I didn’t mention it to a doctor until around the year 2000 because, to be honest, that’s the first time I had medical insurance. During a routine examination I mentioned it to my family doctor and his eyes lit up like he was about to gain Doctor Notoriety with a paper he would write about me. In actuality, he told me it sounded like an extremely rare heart condition and, when over-exerted, the symptoms are dizziness (check), the desire to dunk one’s head in water (check), and needing to put one’s head as close to the ground as possible (and check. That wonderful, alluring sleep).
I told him I had those symptoms and soon found myself at the local hospital wired up to a machine and on a treadmill for a stress test. Did you ever hear the one about the guy on the treadmill wired up for a stress test who actually couldn’t run long enough for them to get any readings? Well, now you have.
I don’t recall exactly how long I ran, but when they told me I didn’t last long enough, I remember feeling a little confused. It’s not like I only ran for 20 seconds and it was Game Over. How much info did they need? And how ancient are their machines that they learned nothing? I was standing on the side of the treadmill, dizzy and sweating like a maniac, and they could get nothing out of it.
After that, they attached a heart monitor of sorts to my body and told me to wear it for three days. They also told me not to do any running or strenuous physical activity. I tried to tell them the problem only happens when I do strenuous activity, but they assured me they knew what they were talking about. Not having any sort of medical degree, I conceded.
Three days passed and nothing happened. I didn’t sweat and I didn’t get dizzy. They unfastened the wires and monitoring device and, lo and behold, one week later called to tell me they didn’t see anything wrong.
I mean, I could have told you that.
So, basically, modern medicine shrugged its shoulders and said, “I dunno. Beats me.”

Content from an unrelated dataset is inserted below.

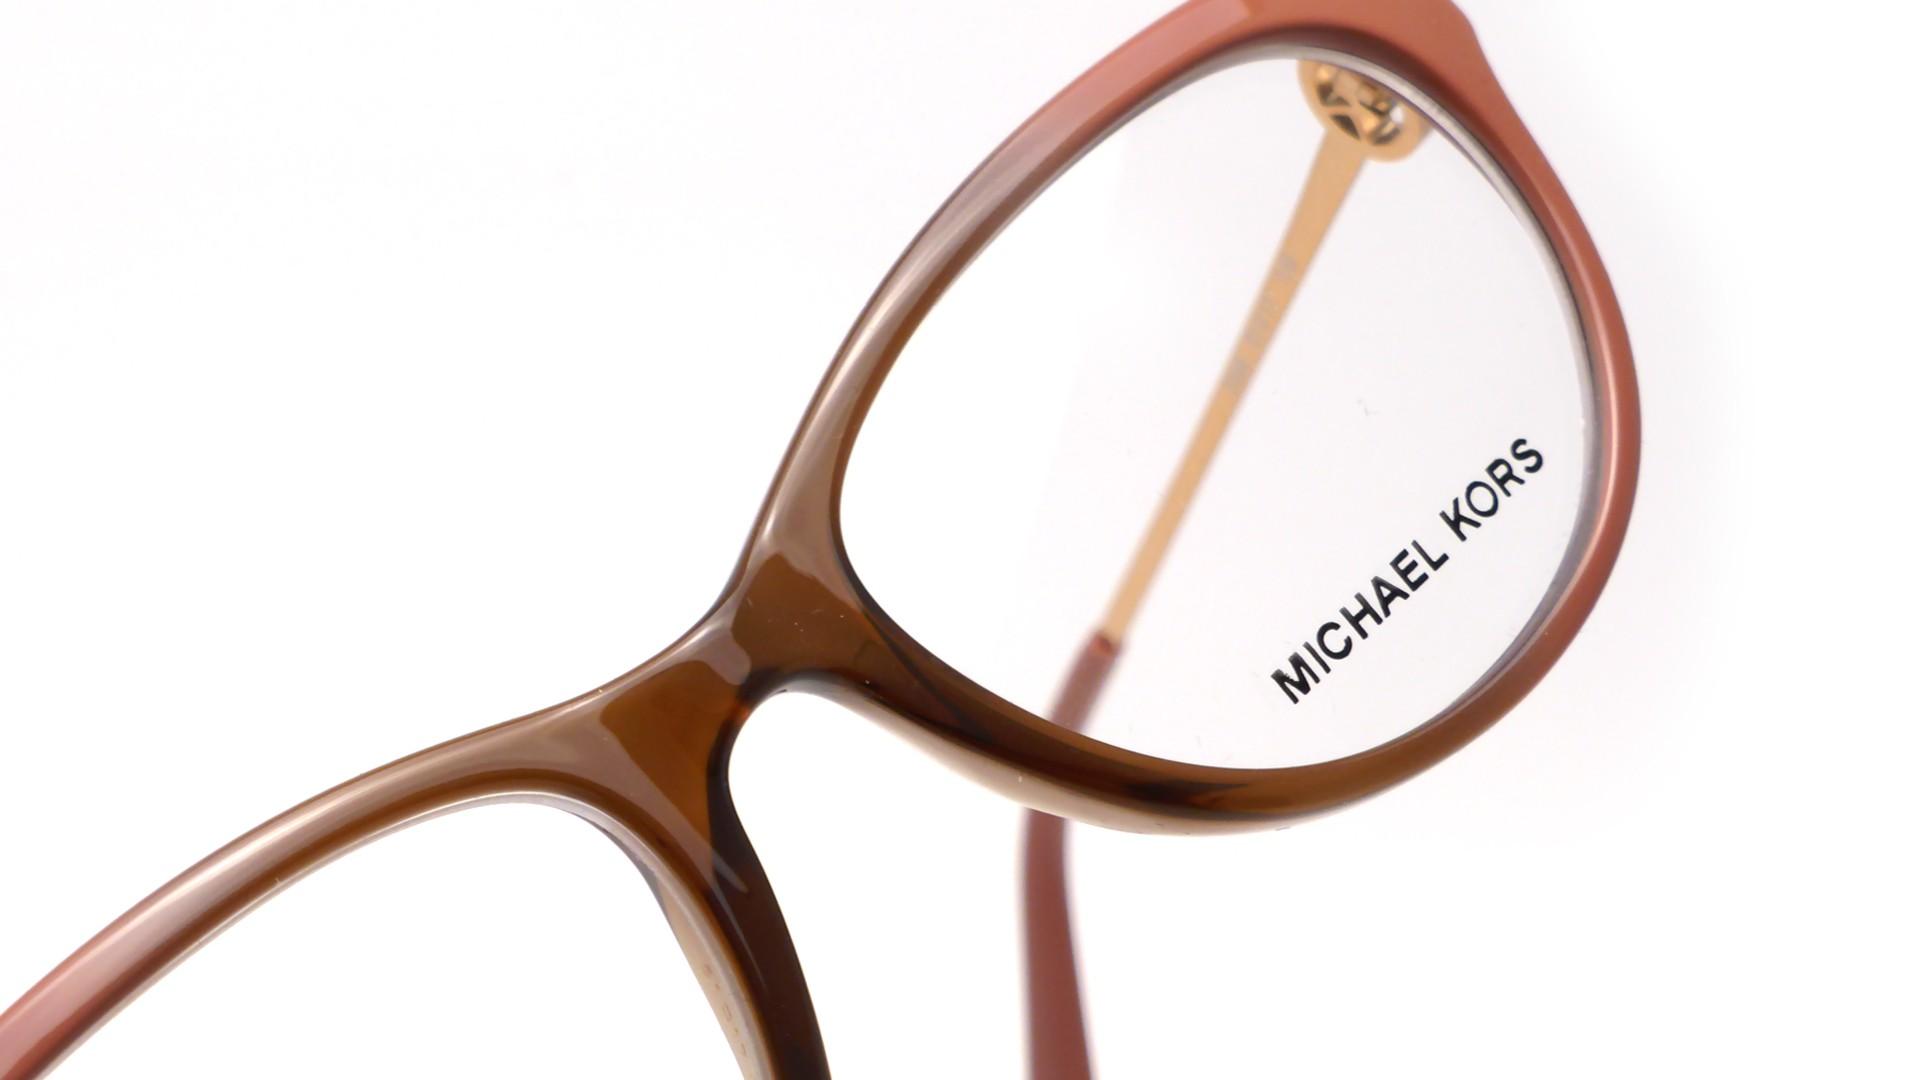 e240699f16 Eyeglasses Michael kors Courmayeur Pink MK8003 3008 51-17 Medium
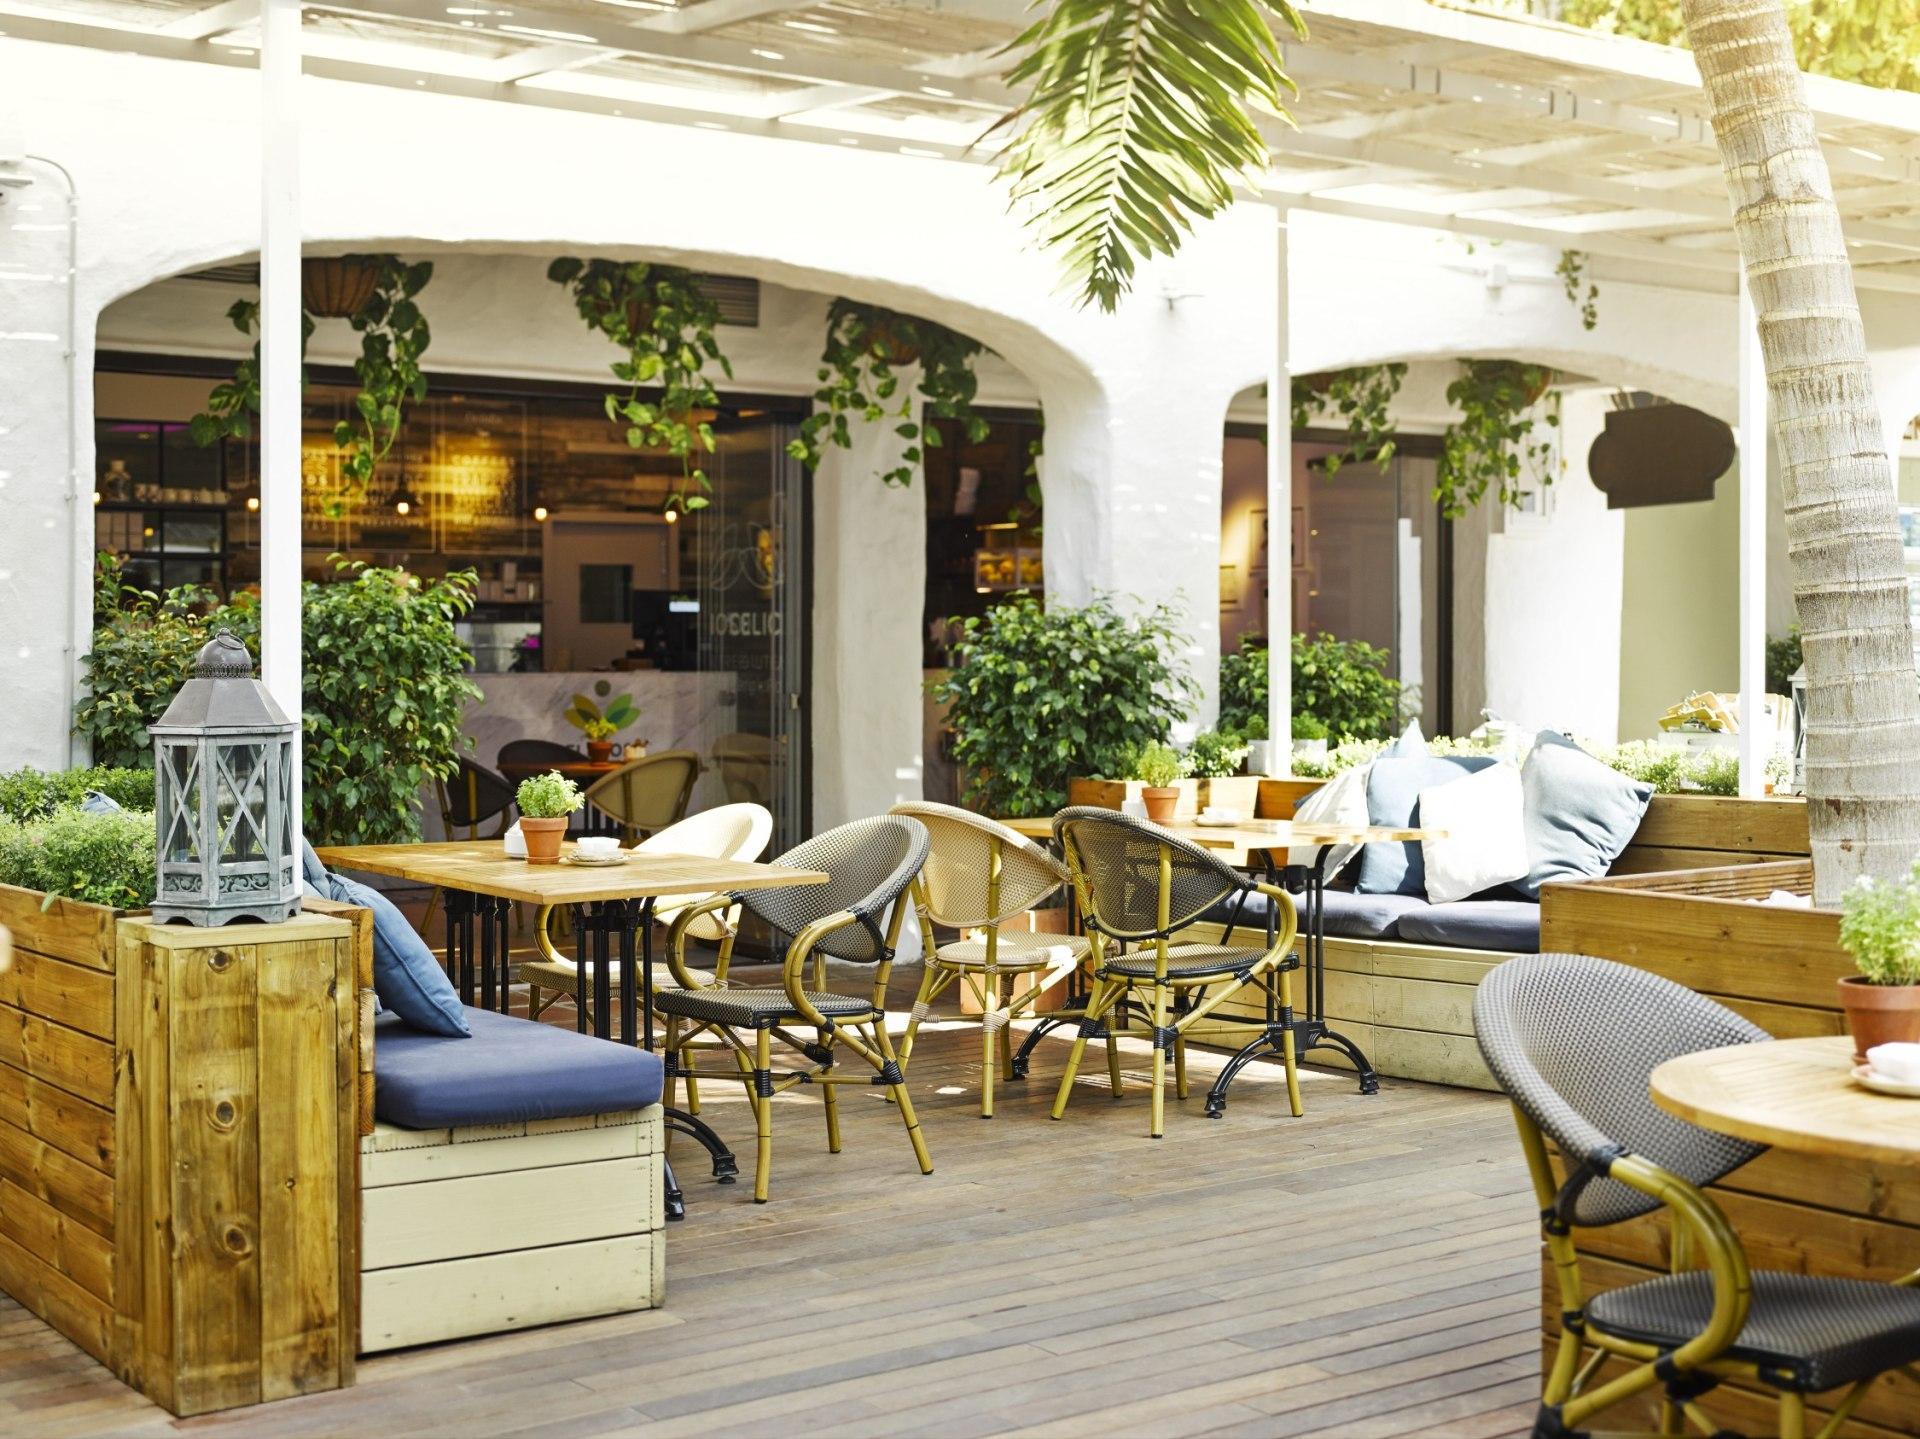 Celicioso Restaurant des Puente Romano Hotels

And that’s where I am today, 14 years later. I have no idea what’s wrong with me. All I know is I have to keep myself to one game of volleyball (and even then, I can’t go all out), I workout (carefully) at home to DVDs so if I have to get on my hands and knees or put my head in water I can (and, once in a while, just lie down on the floor and sleep where no one will see me), and I can’t do my wife’s Zumba class. She’s a little maniac and really goes to town and I can’t keep up. I want to, but I can’t. If I try…well, see the short answer at the beginning of this post.
Last year I was reading Men’s Health and I read a blurb on a study done about people who had suffered heat stroke at an early age and how, in a handful of cases, the symptoms stuck with the person whenever they engaged in physical activity (I wish I could find a link to the article. I looked, but nada. It wasn’t an article per se, just a little sidebar quickie).
In my head, that’s what I have. Did that day mowing the lawn do it? I don’t know. Is it something else? I don’t know, but it’s an answer that seems to fit and having that answer is a lot more comforting to me than admitting… I don’t know.
I forgot to mention there is one activity I can do with no problem: Swimming. I can’t run for more than 15 minutes but I can literally swim all day long. And have. Maybe it’s because I’m already surrounded in water? Maybe it’s because I’m part fish. Who knows. But I’m super grateful I have that.